Creating a response generates model output from text, image, or file inputs. The API supports sophisticated features like tool integration, structured outputs, function calling, and conversation continuity via `previous_response_id` or `conversation` parameters. Responses can run synchronously or asynchronously (background mode) and support streaming for real-time output.

### Key Parameters

- **`model`** (string, optional): Model ID like `"gpt-5-mini"` or `"gpt-5"`. Determines capabilities, performance, and cost.
- **`input`** (string/array, optional): Text, images, or files to process. Can be a simple string or complex array of items.
- **`instructions`** (string, optional): System/developer message for context. Not carried over when using `previous_response_id`.
- **`temperature`** (number, 0-2, default 1): Controls randomness. Higher = more creative, lower = more deterministic.
- **`max_output_tokens`** (integer, optional): Token limit for response including reasoning tokens.
- **`tools`** (array, optional): Built-in tools (web search, file search) or custom functions the model can call.
- **`tool_choice`** (string/object, optional): Controls tool selection ("auto", "required", "none", or specific tool).
- **`text`** (object, optional): Configuration for text output format (plain text or structured JSON).
- **`previous_response_id`** (string, optional): ID of previous response for multi-turn conversations.
- **`conversation`** (string/object, optional): Conversation ID or object for persistent context.
- **`metadata`** (map, optional): Custom key-value pairs (16 max, 64/512 char limits).
- **`background`** (boolean, default false): Run asynchronously, enabling cancellation.
- **`stream`** (boolean, default false): Stream response data in real-time via server-sent events.
- **`store`** (boolean, default true): Whether to store response for later retrieval.

In [2]:
# Simple text response
response = client.responses.create(
    model="gpt-5-mini",
    input="Explain quantum entanglement in two sentences suitable for a high school student."
)

print(f"Response ID: {response.id}")
print(f"Model: {response.model}")
print(f"Status: {response.status}")
print(f"\nOutput Text:\n{response.output_text}")
print(f"\nToken Usage:")
print(f"  Input: {response.usage.input_tokens}")
print(f"  Output: {response.usage.output_tokens}")
print(f"  Total: {response.usage.total_tokens}")

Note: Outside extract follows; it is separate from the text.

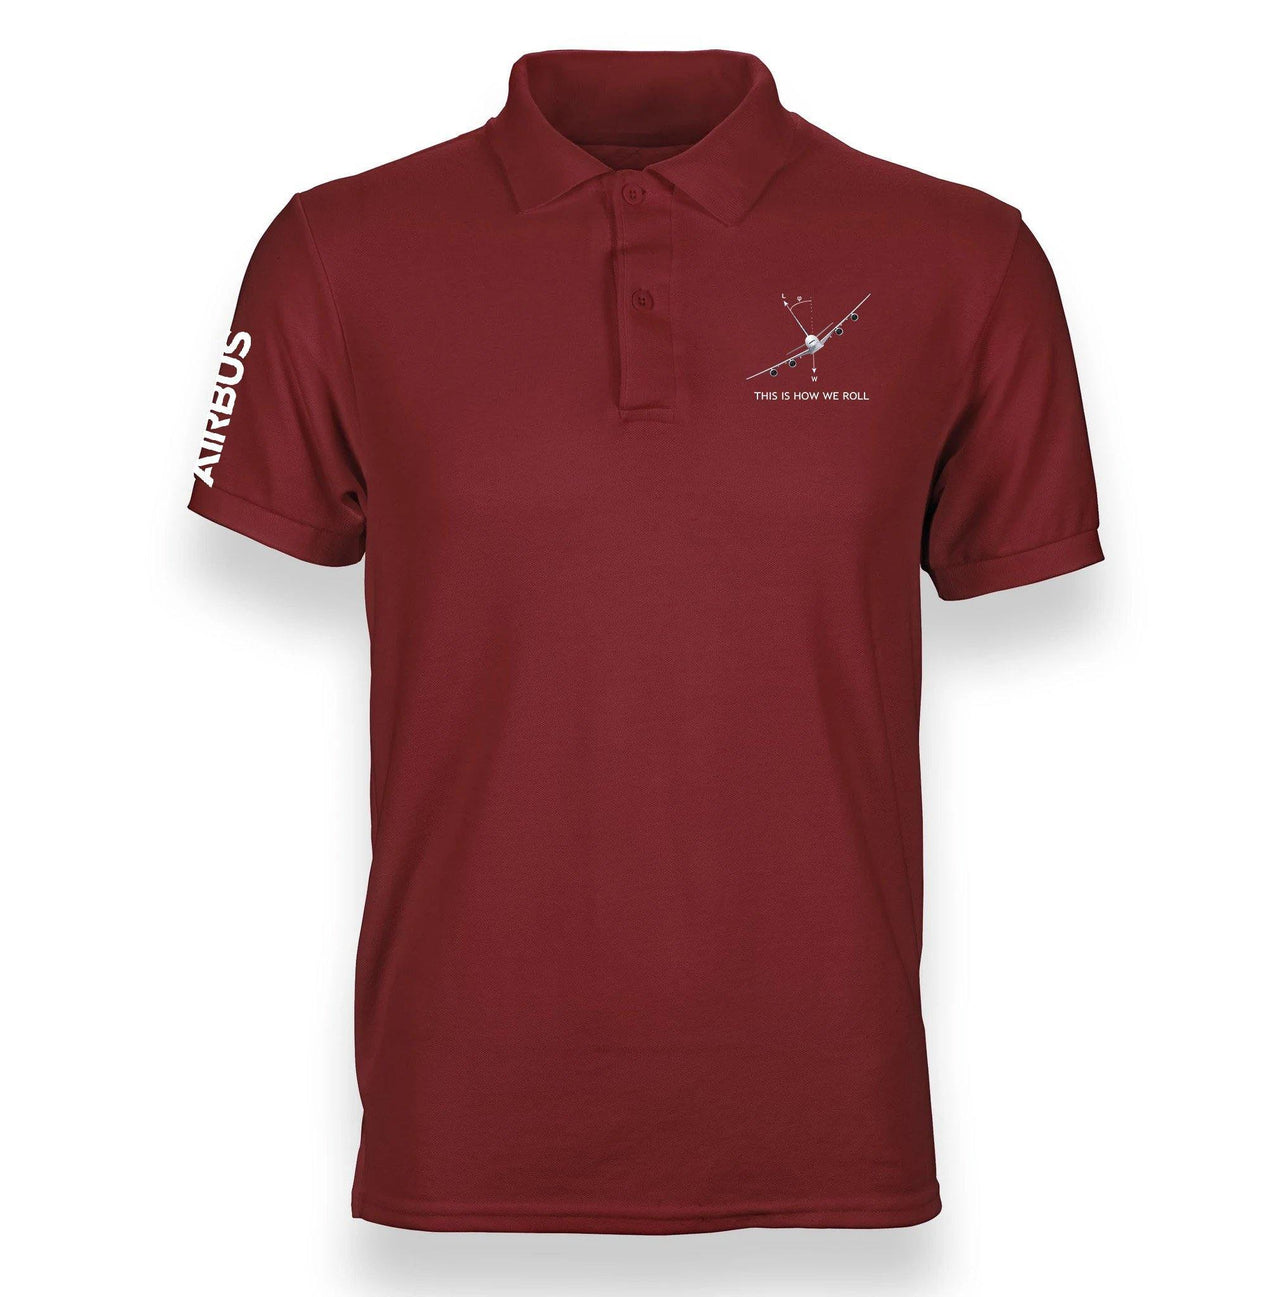 THIS IS HOW WE ROLL AIRBUS A380 DESIGNED POLO SHIRT THE AV8R

Response ID: resp_07156feef9c847ff006926ed7097fc81909ee0b1dc4dd9740d
Model: gpt-5-mini-2025-08-07
Status: completed

Output Text:
Quantum entanglement is a quantum phenomenon where two or more particles become linked so that measuring a property (like spin or polarization) of one immediately fixes the corresponding property of the other, even if they are far apart. Although the outcomes are random and can't be used to send information faster than light, the measurements show stronger correlations than you'd expect from ordinary, non-quantum objects.

Token Usage:
  Input: 21
  Output: 339
  Total: 360


In [4]:
# Response with system instructions and temperature control
creative_response = client.responses.create(
    model="gpt-5-mini",
    input="Write a haiku about artificial intelligence.",
    instructions="You are a creative poet who specializes in concise, evocative imagery.",
    metadata={"type": "poetry", "format": "haiku"}
)

print(f"Creative Response ({creative_response.temperature} temperature):\n")
print(creative_response.output_text)
print(f"\nMetadata: {creative_response.metadata}")

Creative Response (1.0 temperature):

Glass brain hums softly
learning the hush of voices
Dreams without heartbeat

Metadata: {'type': 'poetry', 'format': 'haiku'}


In [5]:
# Multi-turn conversation using previous_response_id
first_response = client.responses.create(
    model="gpt-5-mini",
    input="What are the three laws of thermodynamics?"
)

print("First Response:")
print(first_response.output_text)
print(f"\nResponse ID: {first_response.id}")

# Follow-up question using previous response
second_response = client.responses.create(
    model="gpt-5-mini",
    input="Can you give me a real-world example of the second law?",
    previous_response_id=first_response.id
)

print("\n" + "="*50)
print("Follow-up Response:")
print(second_response.output_text)

First Response:
Usually stated as four fundamental principles if you include the Zeroth law, but classically the “three laws” are the Zeroth (often numbered 0), First, Second and Third. Briefly:

- Zeroth law (thermal equilibrium / temperature): If A is in thermal equilibrium with B and B is in thermal equilibrium with C, then A is in thermal equilibrium with C. This justifies the existence of temperature.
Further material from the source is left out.